Pitting corrosion is a severe damage that can bring about critical failure of infrastructure elements. This study has put forward an intelligent method for automatic detection of this damage via the employment of the LSHADE metaheuristic, SVM machine-learning, and image-processing techniques. The application of metaheuristic in this study is multifold. The LSHADE metaheuristic is first utilized in the task of multilevel image thresholding to extract ROI which is subsequently used by the texture descriptors (the statistical measurements of color channels, the GLCM, and the LBP). The LSHADE optimizer is then applied to search for the most appropriate SVM model’s hyperparameters including the penalty coefficient and the kernel function parameter. The SVM is then employed to generalize a classification boundary that separates input data into two distinctive categories of pitting corrosion and nonpitting corrosion. Experimental results with a repeated data sampling with 20 runs confirms that the newly developed LSHADE-SVC-PCD is highly suitable for the computer vision task of interest with CAR = 91.80%, precision = 0.91, recall = 0.94, NPV = 0.93, and F1 score = 0.92. Hence, the newly developed model can be a useful tool to assist infrastructure management agencies in the task of periodic structural health survey.

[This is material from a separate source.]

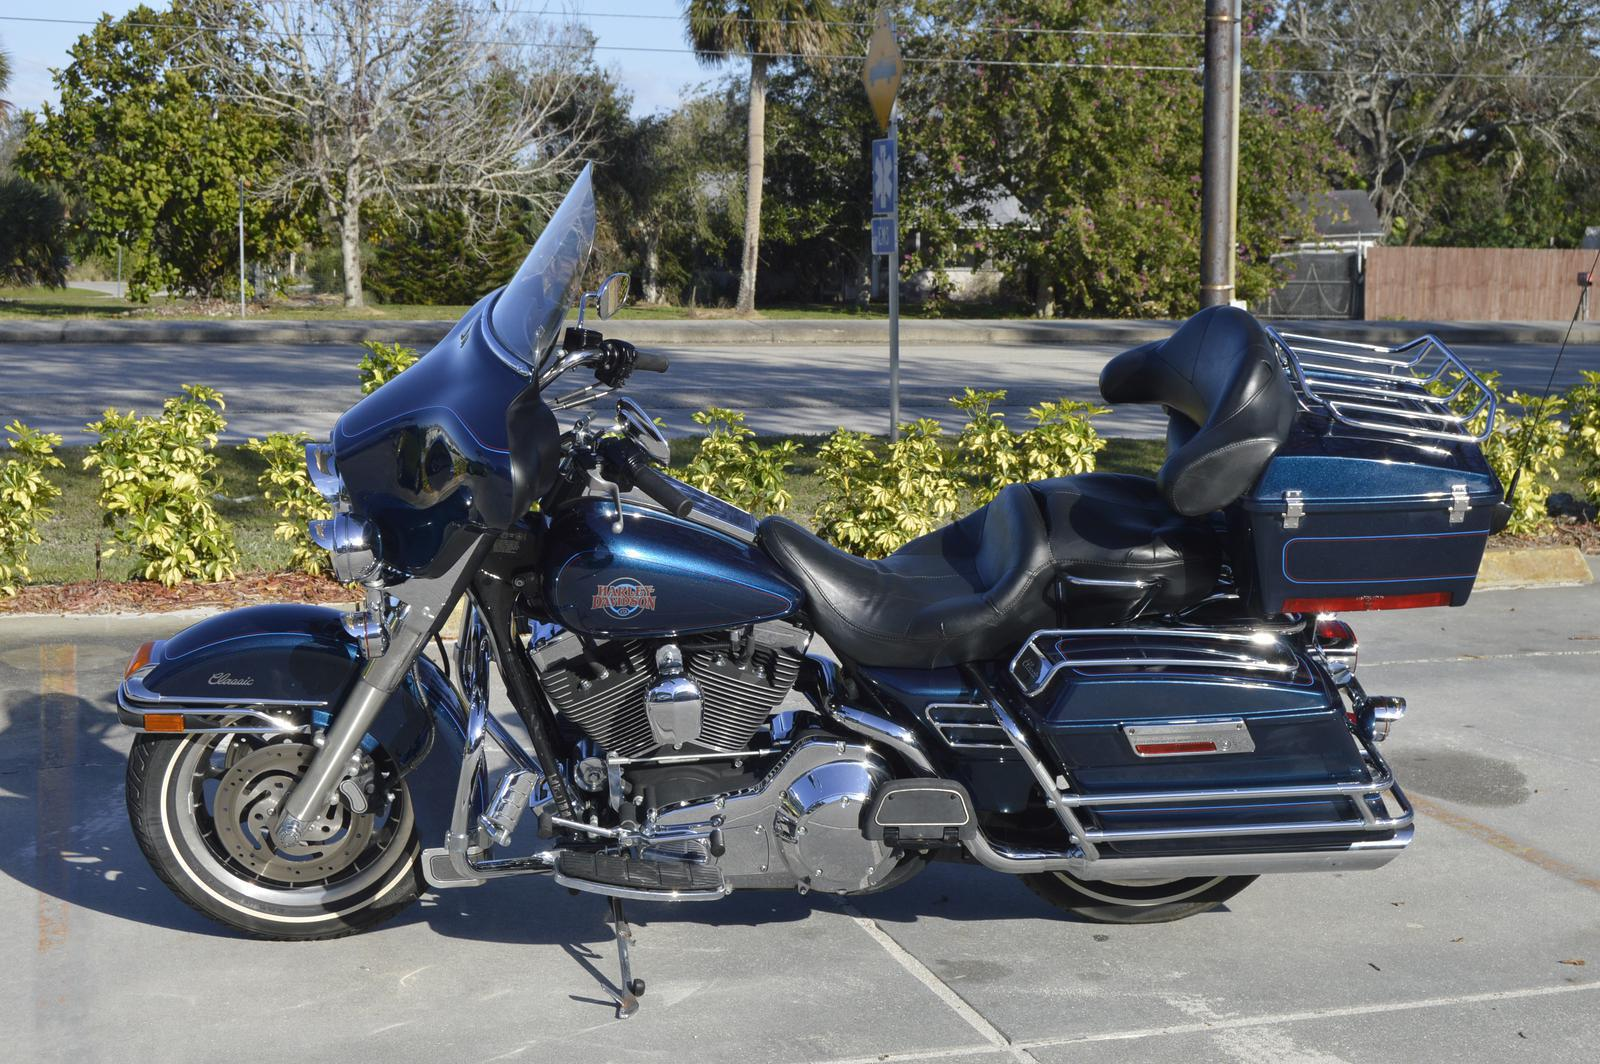 Craigslist Treasure Coast Motorcycles Motorjdi Co
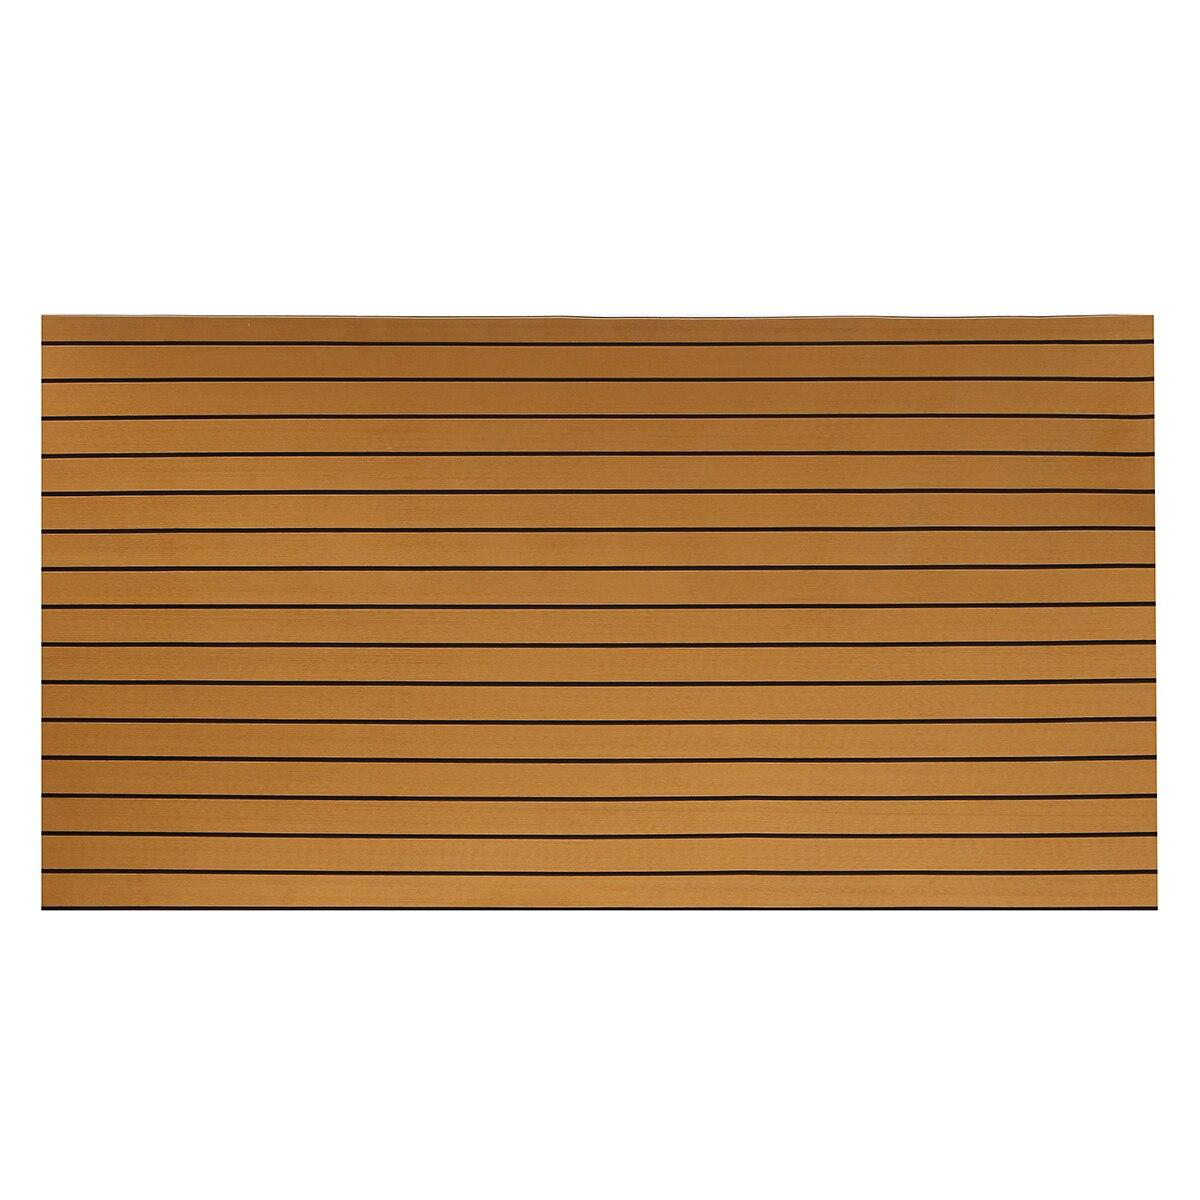 240cmx90cmx5mm Self-Adhesive Gold With Black Lines Marine Flooring Faux Teak EVA Foam Boat Decking Sheet

Although the LSHADE-SVC-PCD is capable of delivering good predictive outcome, one shortcoming of the study is that the number of the collected image samples is still limited. Therefore, more effort on data collected should be focused to enhance the size of the image dataset; this may help to improve the generalization of the pitting corrosion detection method. Another limitation of the current study is that the LSHADE-SVC has not been integrated with feature selection methods. Future directions of the current study may include the utilization of more sophisticated component-labeling algorithms, texture description, and feature selection methods to enhance the feature extraction phases. In addition, when the size of the collected dataset is enlarged, the employment of advanced deep-learning model can be worth-attempting to obtain higher detection accuracy. Although the LSHADE metaheuristic has resulted in good optimization outcomes, this method has a drawback of requiring a considerable amount of computational expense. Therefore, other sophisticated hyperparameters tuning (e.g., Bayesian optimization [122]) can be used as alternative approaches for optimizing the SVC-based pitting corrosion detection model.

Data Availability

The data used to support the findings of this study are available from the corresponding author upon request.

Conflicts of Interest

The authors declare that they have no conflicts of interest.

Acknowledgments

This research was financially supported by Duy Tan University.